Clinical Research Nurse I
ICON, San Antonio, TX, United States
JR148520 Clinical Research Nurse I
ICON plc is a world-leading healthcare intelligence and clinical research organization. We’re proud to foster an inclusive environment driving innovation and excellence, and we welcome you to join us on our mission to shape the future of clinical development.
The Role
As a key member of the clinical unit team, you will support the delivery of clinical trials by ensuring the safety, wellbeing, and accurate monitoring of study participants in both inpatient and outpatient/ambulatory settings, including screening visits. You will work collaboratively with physicians, investigators, and study staff to ensure protocol adherence and high-quality data collection.
The Clinical Research Nurse will actively participate in the care of study participants, as well as in the preparation and maintenance of clinical trial documentation, supporting the successful conduct of studies through precise and reliable work.
Responsibilities
Monitor the safety and wellbeing of study participants within the inpatient unit and outpatient/screening facilities
Administer study drugs and concomitant medications in accordance with protocol
Carry out physician orders and respond to medical or psychiatric emergencies where required
Perform and document clinical assessments, including vital signs and electrocardiograms (ECGs)

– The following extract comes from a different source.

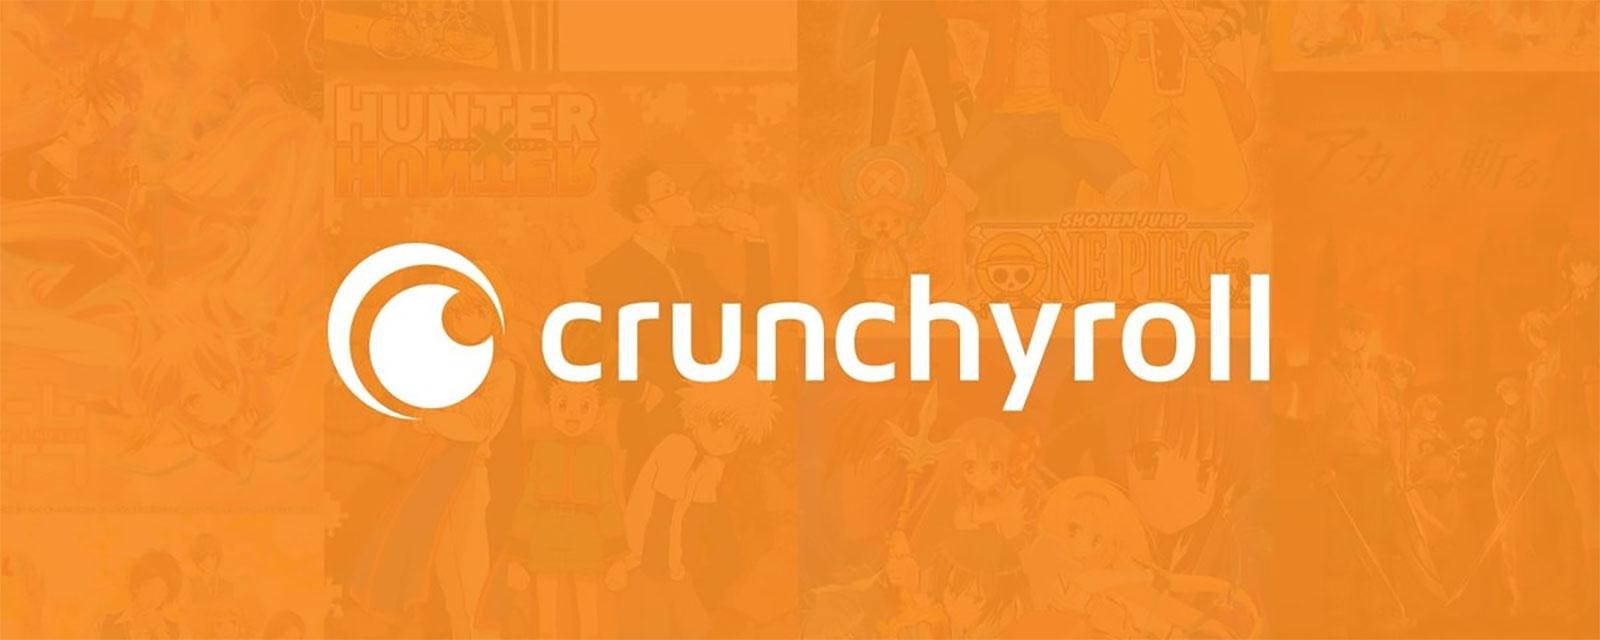 Crunchyroll Premium Mod Apk 2.6.0 (Pro Unlocked) Download For Android

Maintain accurate and timely documentation of participant status, including progress notes and shift handovers
Ensure continuous accountability of participants while on the unit
Communicate effectively with study staff regarding daily events and participant status
Escalate any abnormal findings to the Investigator or designated staff immediately
Provide study volunteers with clear information on study purpose, procedures, visit schedules, and any dietary or activity restrictions
Support the planning and coordination of in‑clinic stays and outpatient visits
Participate in study team meetings, start‑up activities, and where applicable, audits and inspections
Support the smooth operation of the clinical site, including equipment maintenance, troubleshooting, and arranging replacements where necessary
Sample collection and processing
Collect blood samples via venipuncture and capillary methods
Insert intravenous cannulas where required
Collect pharmacokinetic (PK), pharmacodynamic (PD), and DNA samples in line with protocol and regulatory standards
Process, store, and ship samples in compliance with laboratory manuals and IATA regulations
Operational Support
Maintain organization and oversight of day‑to‑day unit activities
Support scheduling and tracking of in‑house procedures (e.g., urinalysis, drug screening, pregnancy testing)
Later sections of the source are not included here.